Las reacciones no tardaron en llegar y todas apuntaban a la mala mano de Zidane al mover el banquillo. Cierto es que el francés desequilibró al equipo para mal, pero igual de cierto es que en el 92, apenas la jugada anterior a la de Sanabria, Lucas puso un balón medido al corazón del área bética que Borja Mayoral conectó con un cabezazo de manual y al que Adán respondió como hizo toda la noche: de manera espectacular. Sobra decir que, de haber entrado ese remate del canterano blanco, todas las críticas hacía Zidane hubieran sufrido una metamorfosis total hacia el halago desmedido.

Por eso y porque, como decía Luis Aragonés, Zidane seguramente tenga “el culo pelado” y entienda como nadie como funciona el mundo del fútbol, el técnico blanco ni se inmuta por el ruido a su alrededor y continúa con su plan. En sólo seis partidos de competición española y tres de las dos Super Copas de este verano, Zidane ya ha contado con 21 de sus 24 jugadores como titulares en al menos un partido. El último en hacerlo fue Dani Ceballos, que disfrutó ante el Alavés de su primer encuentro desde el pitido inicial y sorprendió a propios y extraños con un doblete.

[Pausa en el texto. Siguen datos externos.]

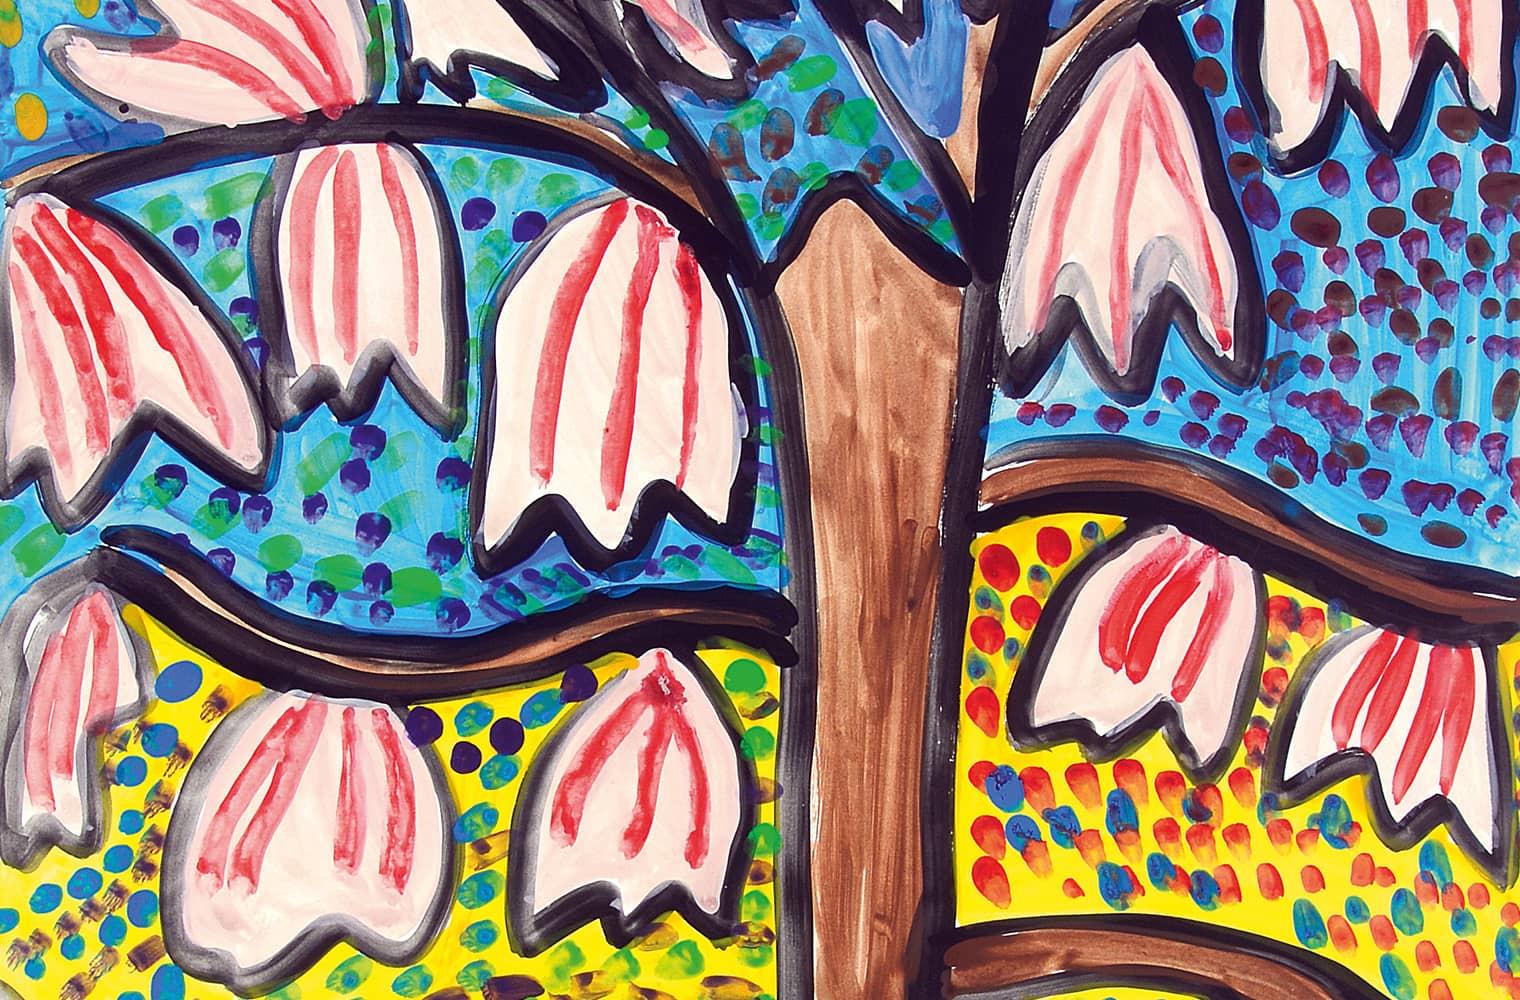 Florale Formen, die farbenfroh (gelb und blau) ausgeführt sind. Im Zentrum steht ein Magnolienbaum mit Stamm und Früchten.

Parecen decisiones sencillas, pero no las son. En el partido de Anoeta, el Real Madrid entraba al encuentro siete puntos por debajo del Barça que ya había jugado su partido ante el Espanyol. Lo fácil hubiera sido poner a los de siempre, acudir a los veteranos, para cubrir las muchas bajas que sufría el equipo, pero Zidane no se amilanó. Puso en liza a Borja Mayoral y a Theo Hernández, dejando a gente con más galones y recorrido en Primera, como Nacho, Lucas, o el propio Ceballos, en el banquillo. La apuesta le salió bien, pues Mayoral fue el gran protagonista del partido con un gol y provocando otro en propia puerta. Ante el Alavés, tres cuartos de lo mismo. Dani Ceballos debutaba como titular con Modric y Bale en el banquillo, y el artista andaluz firmaba un doblete.

Zinedine Zidane lo dejó claro después del empate ante el Valencia, pase lo que pase él seguirá con su mismo plan de acción. Como hizo el año pasado, cuando se jugaba la Liga y le dio a la oportunidad a la Unidad B del equipo en campos históricamente complicados como Riazor o el Molinón, el técnico francés sabe que más allá de la diferencia con el Barça ahora mismo todo se decidirá en mayo. Y para que su equipo llegué en las mejores condiciones competitivas, será en mayo cuando todos tengan que estar bien, fuertes, rodados y con confianza. Eso sólo se consigue con minutos de juego, sintiéndose importante, y Zidane no piensa negarle esa posibilidad a ningún jugador que se deje la piel en el campo.